TENİNİ KOPARAN KIZ ÇOCUĞU12 yaşlarında kız çocuğu, cinsel istismara uğradıktan sonra yurda bırakılmıştı. Kız konuşmuyordu ve tenini yolarak kendine de zarar veriyordu. Tüm vücudunda açık yaralar vardı. Birkaç ay hastanede yattı, tedavi etmeye çalıştık, daha kötü oldu. Başımızı çevirdiğimiz bir anda, teninden bir parça koparıyordu. Akıllı bir çocuktu ama kapalı bir kutuydu, açamıyorduk.
Yemek de yemiyordu. Sosyal Hizmet uzmanı arkadaşımıza “Canı ne istiyorsa onu verin” dedim. Sormuşlar ne yemek istediğini. “Adana kebap, badem ve fındık isterim” demiş. Hazırlayıp getirmişler. Daha o gün çocuk başına gelenleri anlatmaya başladı. Babasının bir yakın akrabası yapmıştı. Yemekle alakası yok. Onu dinleyen, sevgi veren bir insanla ilk defa karşılaştı o çocuk.

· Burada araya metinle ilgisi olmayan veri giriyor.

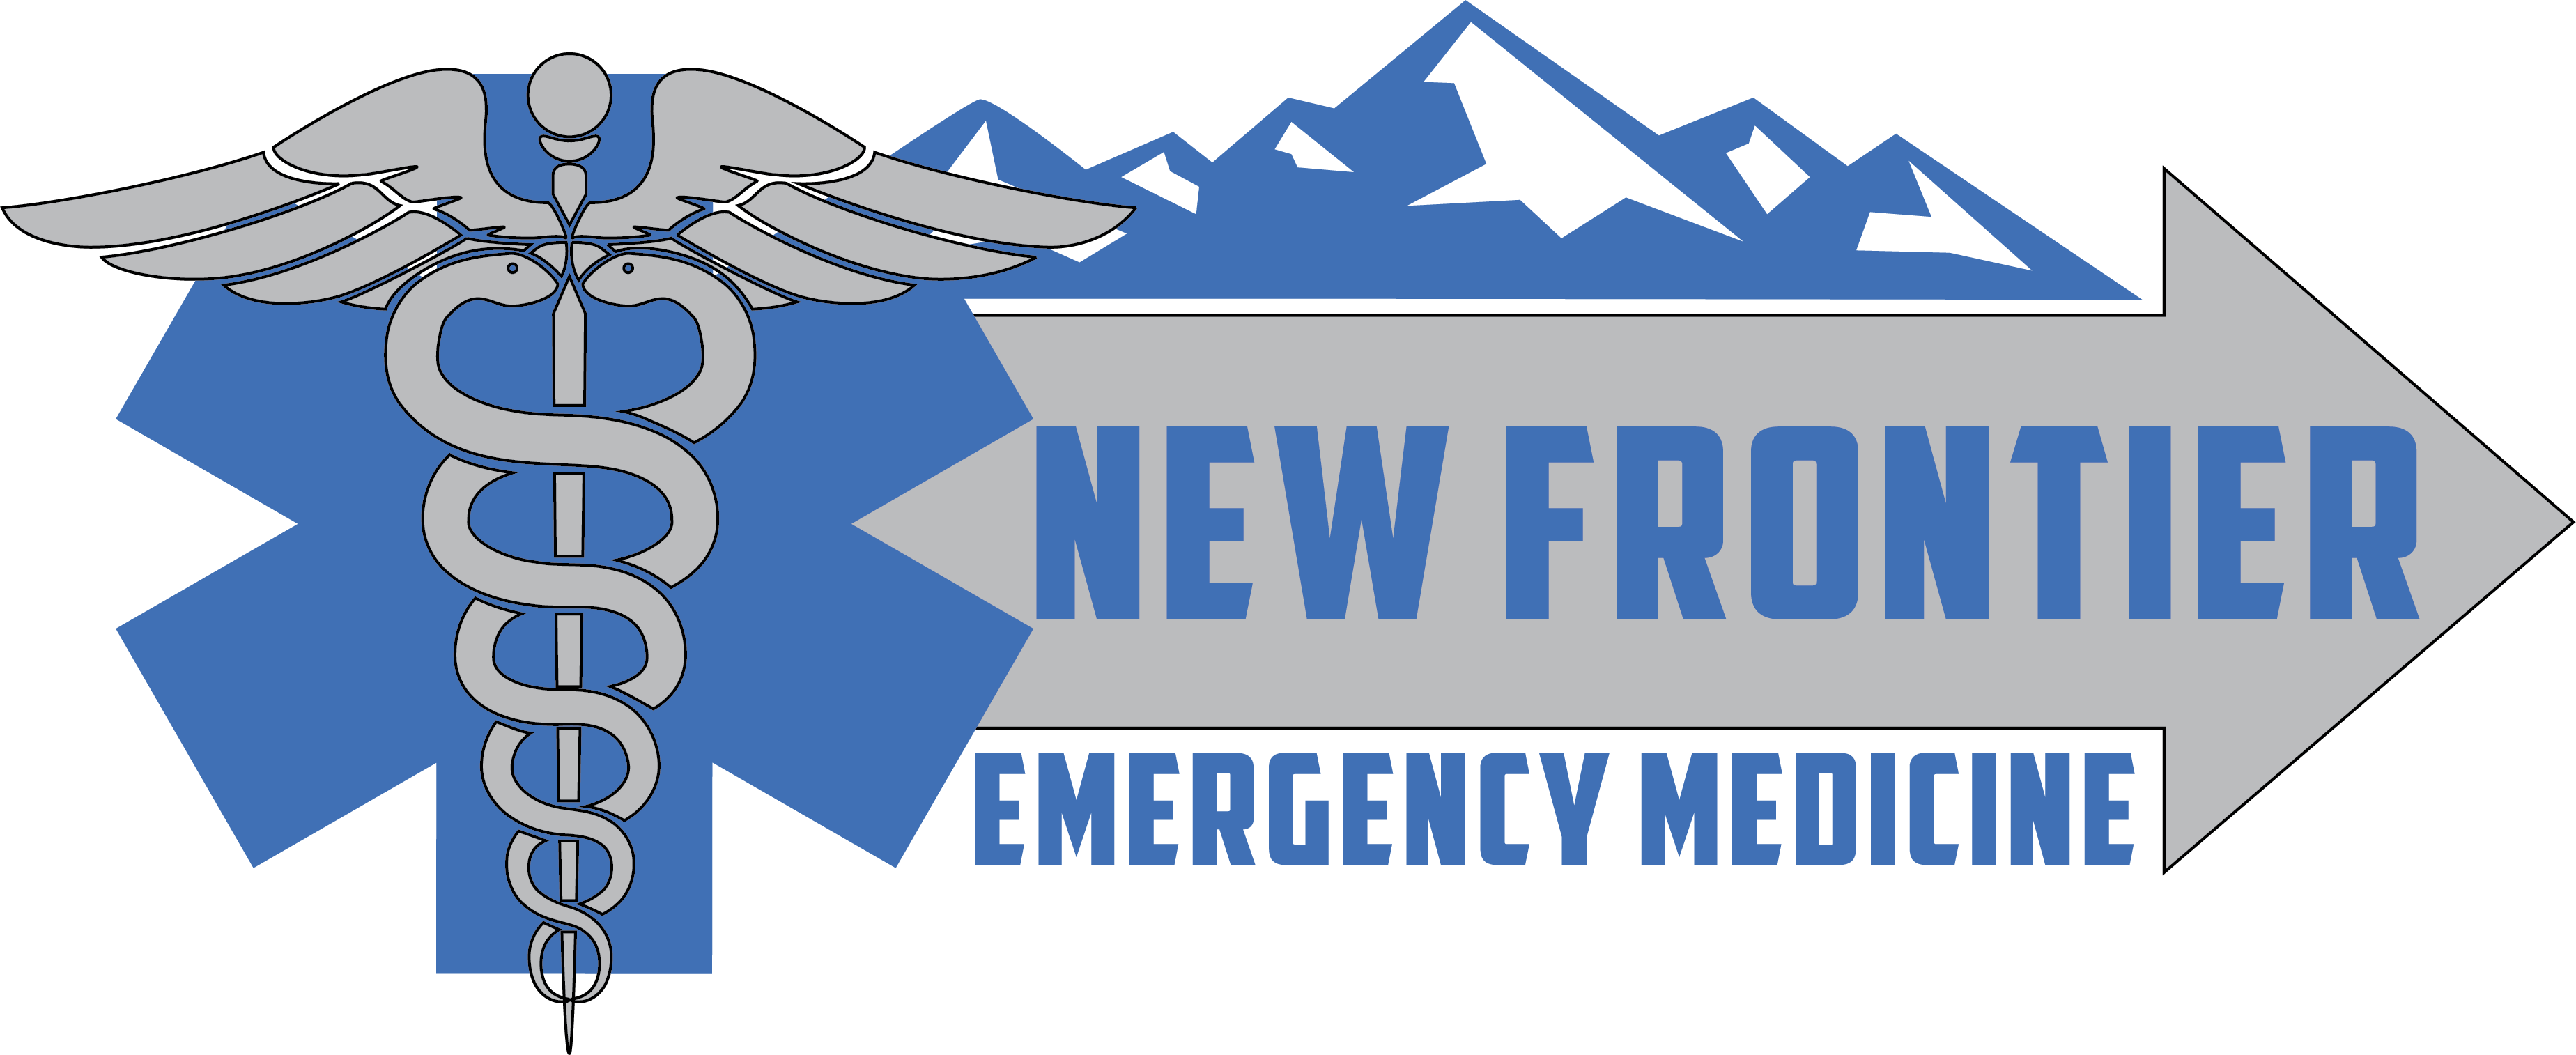 new-frontier-emergency-medicine-symposium-logo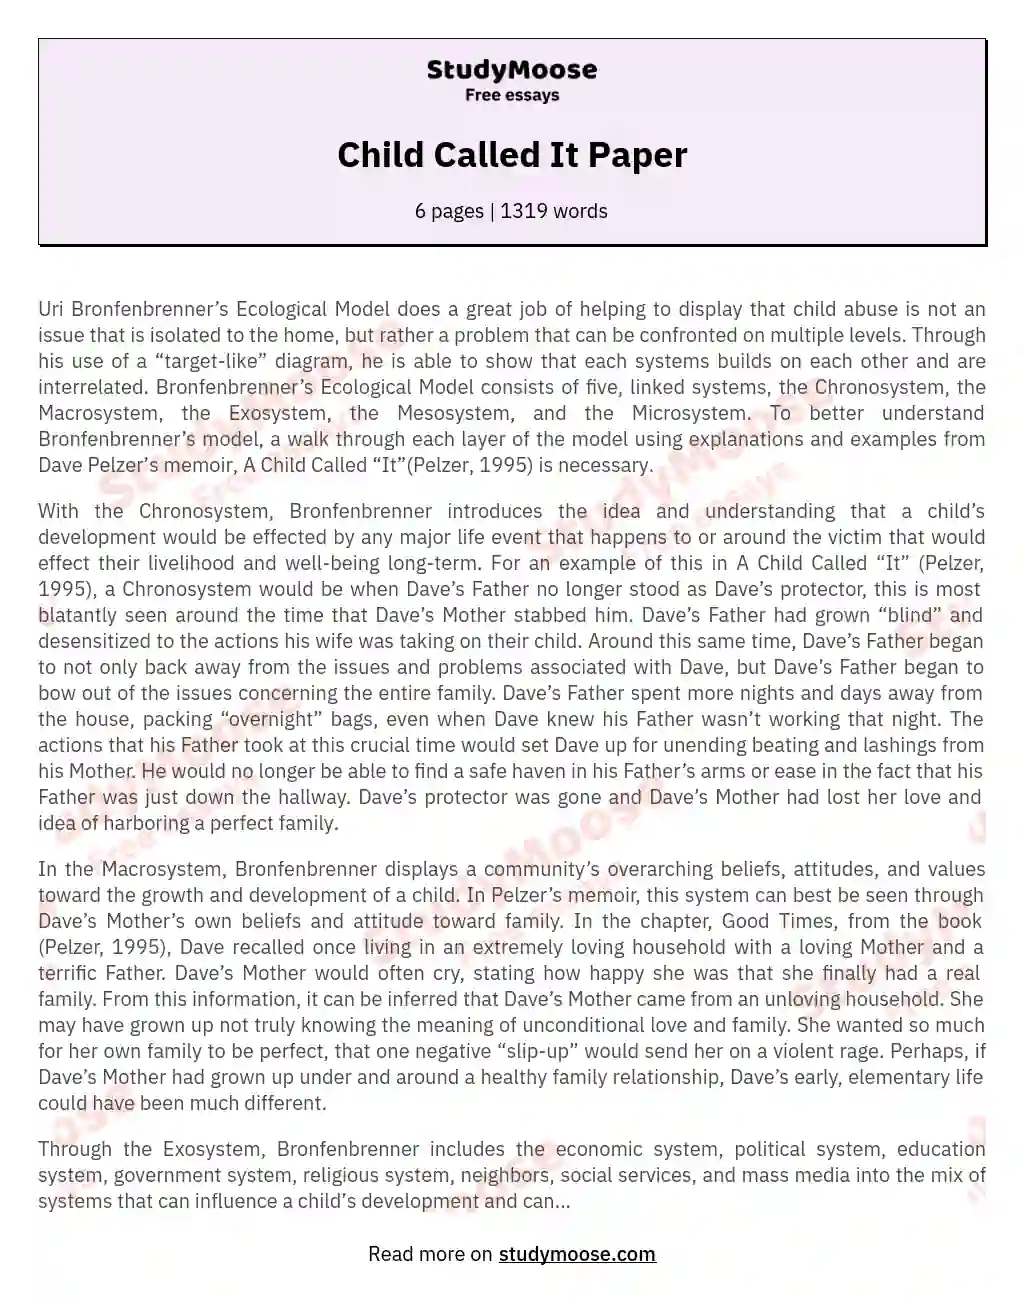 Bronfenbrenner's Ecological Model: Addressing Child Abuse on Multiple Levels essay

İSTİSMAR EDİLEN ÇOCUKLAR İÇİN MERKEZÇocuk istismarı artık konuşulabilir hale geldi. Bu çok iyi. TBMM Kayıp ve Mağdur Çocukları Araştırma Komisyonu’nun AK Parti, CHP, MHP, DTP’li üyeleri arasında tam bir uyum var. Bir yasa tasarısı hazırlandı. Adalet ve Sağlık bakanlıkları çocuk koruma merkezleri oluşturmak için çalışıyor. Ankara pilot bölge. İlk merkez sonbaharda açılacak. Çocuk, “Babam taciz etti” dediği an o merkeze getirilecek. Çocuktan psikolog aracılığıyla ifade alınacak. Kolluk kuvveti ya da avukat, aynalı odanın arkasından izleyecek.